Exercise.
Go through the listing below and output exactly the line with "Peafowl Peacock Surat", the line with "10 A</em>, 1968</div><div", and each line between; omit the rest.

Raw data.
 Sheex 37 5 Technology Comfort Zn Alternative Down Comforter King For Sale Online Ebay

...

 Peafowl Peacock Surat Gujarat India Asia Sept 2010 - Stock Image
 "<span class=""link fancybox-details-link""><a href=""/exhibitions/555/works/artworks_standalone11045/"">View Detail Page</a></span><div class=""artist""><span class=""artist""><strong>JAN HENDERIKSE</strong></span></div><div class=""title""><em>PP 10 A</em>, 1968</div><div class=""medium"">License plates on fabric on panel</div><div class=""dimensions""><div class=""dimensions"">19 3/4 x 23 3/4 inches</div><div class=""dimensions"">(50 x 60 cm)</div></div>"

* * *

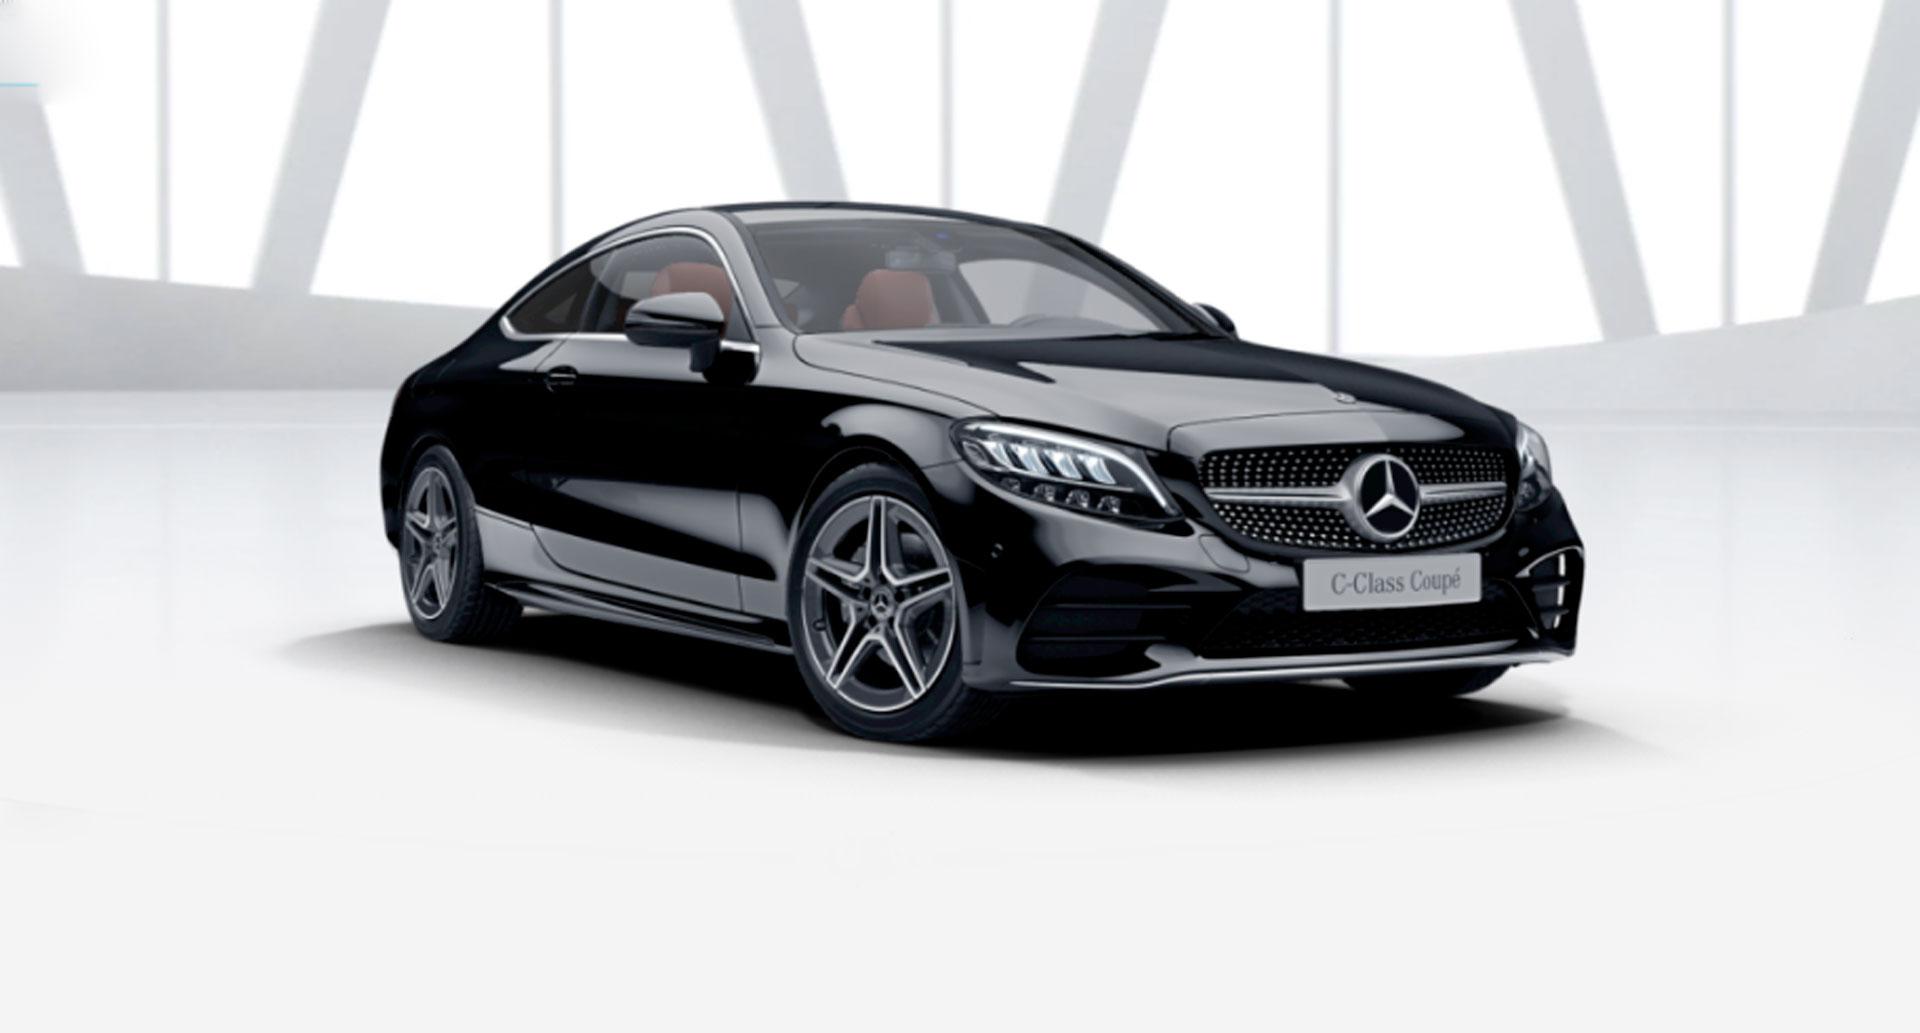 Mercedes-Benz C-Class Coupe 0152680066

Solution.
 Peafowl Peacock Surat Gujarat India Asia Sept 2010 - Stock Image
 "<span class=""link fancybox-details-link""><a href=""/exhibitions/555/works/artworks_standalone11045/"">View Detail Page</a></span><div class=""artist""><span class=""artist""><strong>JAN HENDERIKSE</strong></span></div><div class=""title""><em>PP 10 A</em>, 1968</div><div class=""medium"">License plates on fabric on panel</div><div class=""dimensions""><div class=""dimensions"">19 3/4 x 23 3/4 inches</div><div class=""dimensions"">(50 x 60 cm)</div></div>"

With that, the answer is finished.